The plan to buy NAAG's inventory, accounts receivable, property, plant and equipment is subject to bankruptcy court approval by June 6, a Escalade spokesperson said.


----------



## Top Cat (Jun 22, 2002)

*Escalade Inc.*

It is my understanding that Escalade Inc. is the same company that bought XI Archery. I hope they do a better job this time.


----------



## tfox (Oct 22, 2002)

Tpop cat.That was what I thought .The job they did with XI was horrible.I hope they do a good job with these bows considering I am only about 15 minutes away in Henderson Ky and would love them to help the local economy.It would be nice to shoot for a local company too.


----------



## toxo (Jun 19, 2002)

*Good luck*

They are, NAAG, iun debt 18 million........so good luck if the court approves it!!!!!!!


----------



## Top Cat (Jun 22, 2002)

*toxo*

Just curious, if NAAG is 18 million in debt, how come escalade only has to give them 4.8 million and assume 6.3 million of there debt.? Is this how chapter 11 works?


----------



## toxo (Jun 19, 2002)

*HMMMM*

Do not know but as I do KNOW.......bidding does not even begin until next week!!!!!!!!


----------



## AeroEagle1 (Jan 17, 2003)

If I am not mistaken they sold the Fred Bear Museum to Pro Bass for some $$ to help with the debt that they have. Time will only tell what happens some just buy companies for parts of it and let the other parts fall by the wayside. So time will tell I just hate when some like Fred Bears name is used and abused for someone elses gains...


----------



## BUCKSTER (Jan 20, 2003)

My understanding is NAAG is about 11 mil in debt when they filled chapter 11 at the end of last year or early this year.

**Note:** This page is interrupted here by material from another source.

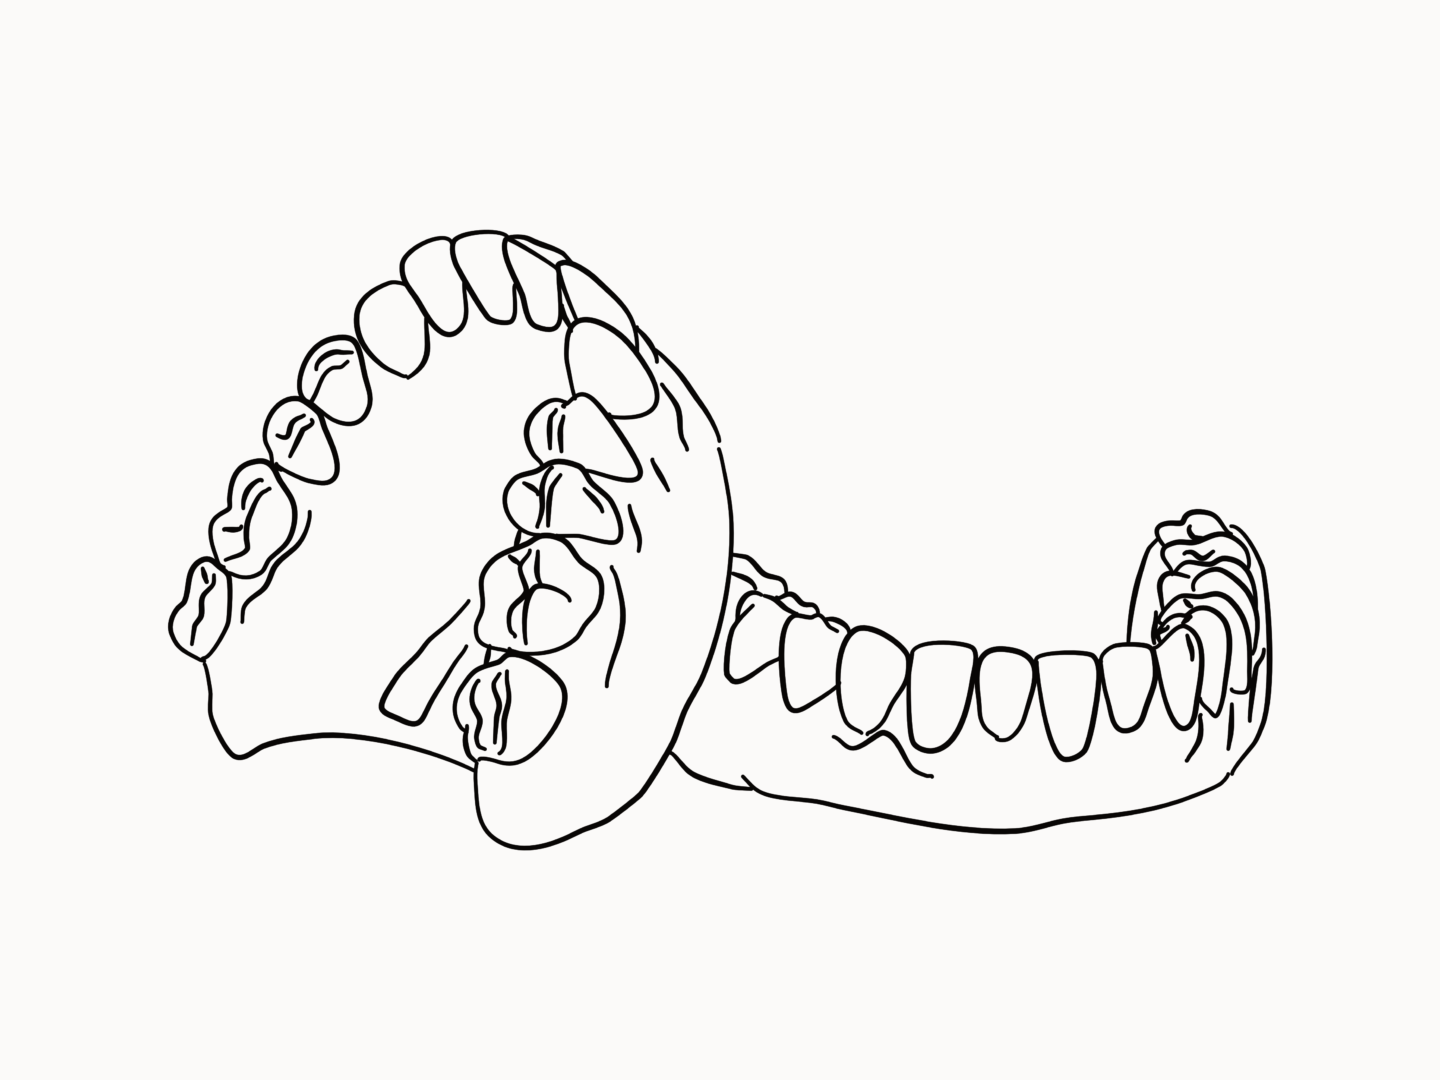 Dentures illustration

It will be sometime after june 6th before most of us will know what Escalde will do with NAAG.


----------



## toxo (Jun 19, 2002)

*11*

It was more then that. Any one who was on their shooting staff or advisory staff got all the details from the lawyers office in Florida. That is all I am going to say for now.......See where the whole thing ends up.......It is one Fubar.......and as I said......It is all up to the judge!!!!


----------



## Xringer (May 2, 2003)

Anymore info?


----------



## x-ring-1 (Oct 31, 2002)

*done*

I was told by our Bear Rep. that it's a done deal and things are looking good!!!!!!


----------



## toxo (Jun 19, 2002)

*11 and more*

The bear rep said that Escalade has bought bear and is buying them new and better CNC machines......so expect some new products next year.....and what is hittting stores as we speak is a new G2XL......same bow but 30" ATA and with Sims limb savers installed!!!!!!!! Weighs only 3 lbs.


----------



## Grndzer (Jan 17, 2003)

Darn, I was hoping this was that mathews post I was looking for.  Bring It!!


----------



## Africanbowhunter (May 29, 2003)

JENNIGNSBEAR FIRED TOM JENNINSG A FEW YEARS AGO

tyHEY GE WHAT THEY DESERVE


WHAT GOES AROUND COEM AROUND 

BEAR MADE AMO FORCE TOM TO EXIT THE HALLAND NOT RETURN


SHABBY


----------



## onexarcher (May 16, 2003)

Escalade has purchased NAAG. They have moved all the NAAG information to the below listed website. 

http://www.escaladesports.com/corporate/fredbear.html


----------



## VAREBEL (Jan 5, 2003)

i hope they do a better job this time around.


----------